= Sant Muktabai Sahakari Sakhar Karkhana =

Sugar factory in Jalgaon, India

Sant Muktabai Sahakari Sakhar Karkhana (SMSSK), known as Sant Muktabai Cooperative Sugar Factory, is a cooperative factory founded in 1988 by Pratibha Patil and others. The factory is situated at Muktainagar in Jalgaon district in Maharashtra. It was inaugurated by Sonia Gandhi on 23 January 1999, and Patil remained chairperson until 1996.

== Loan defaulter ==
The sugar factory was given a loan by a consortium of four banks, three cooperatives and one nationalised—MSC, DCCB Jalgaon, DCCB Mumbai, and Dena Bank. The factory defaulted in repayment of the borrowed money. The mill owed about 730 million rupees to three banks—Maharashtra State Cooperative (MSC) Bank, Jalgaon District Central Cooperative Bank, and the Mumbai District Central Cooperative Bank.
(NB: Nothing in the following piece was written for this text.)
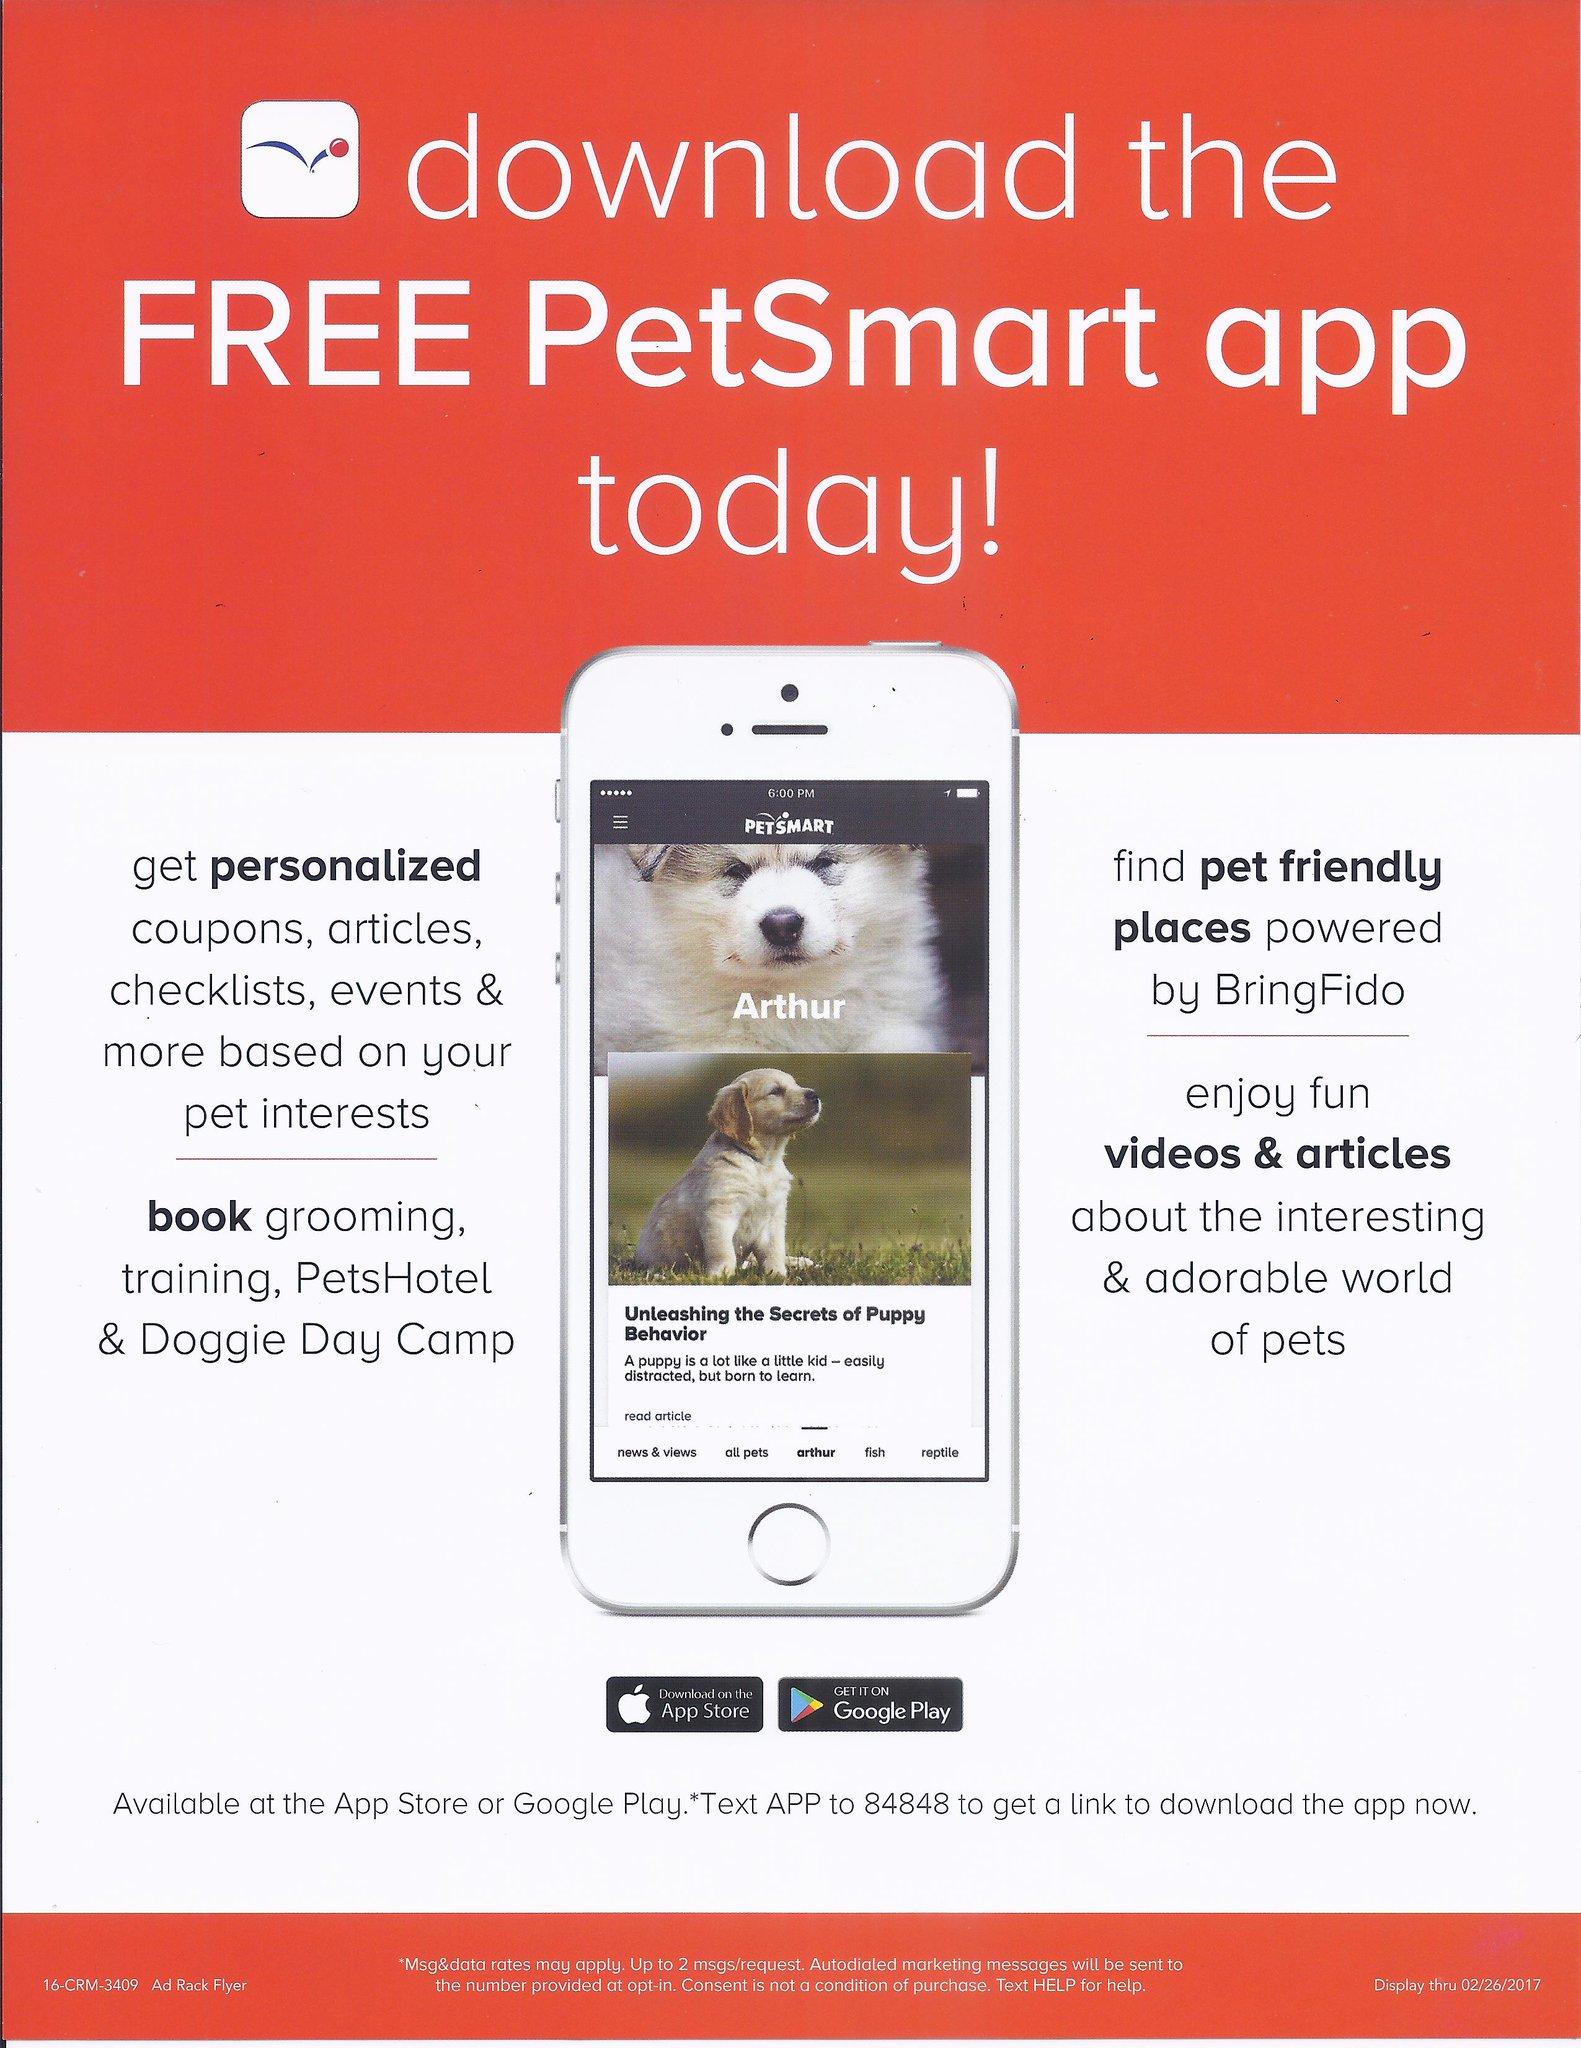 PetSmart Store 1184 on Twitter:

The Mumbai Central District Cooperative Bank served many notices on the factory for recovering an outstanding loan of 177 million rupees.

The bank sealed the factory on 23 January 2007. This was the second occasion when the mill had been sealed. Earlier, it was sealed in January 2006 but was reopened after the board of directors headed by G. N. Patil—younger brother of Patil requested an opportunity to improve the performance of the mill.

== Sugar scam ==
In 2002 the chief commissioner of central excise and customs, Pune, issued notices on 24 sugar factories including Sant Muktabai Sahakari Sakhar Karkhana to recover 87 million rupees due on account of excise duty evasion. The sugar factories, mostly in Pune and Aurangabad regions, have been found guilty of selling export quota sugar in the domestic market at high prices. These sugar factories have not only availed excise duty exemption of 85 rupees per quintal, but also earned a big differential by selling the sugar in the local market.

The scam involved the diversion of export-oriented sugar into the domestic market. In 2001–02, these co-operatives had obtained an export licence for 228,000 tonnes of sugar, but in collusion with export agents, diverted the sugar to the domestic market. This led to the collapse of domestic sugar prices and caused major losses to sugarcane farmers besides excise evasion of nearly 800 million rupees. The Muktabai SSK sugar cooperative factory was one of the companies which figured out the scam.

== Public interest litigation ==
In 2007, Manohar Lal Sharma, an independent advocate, filed a public interest litigation petition in the Supreme Court alleging that Patil was an undischarged insolvent relating to the Sant Muktabai Sugar Factory and hence disqualified to remain in the office of the presidency.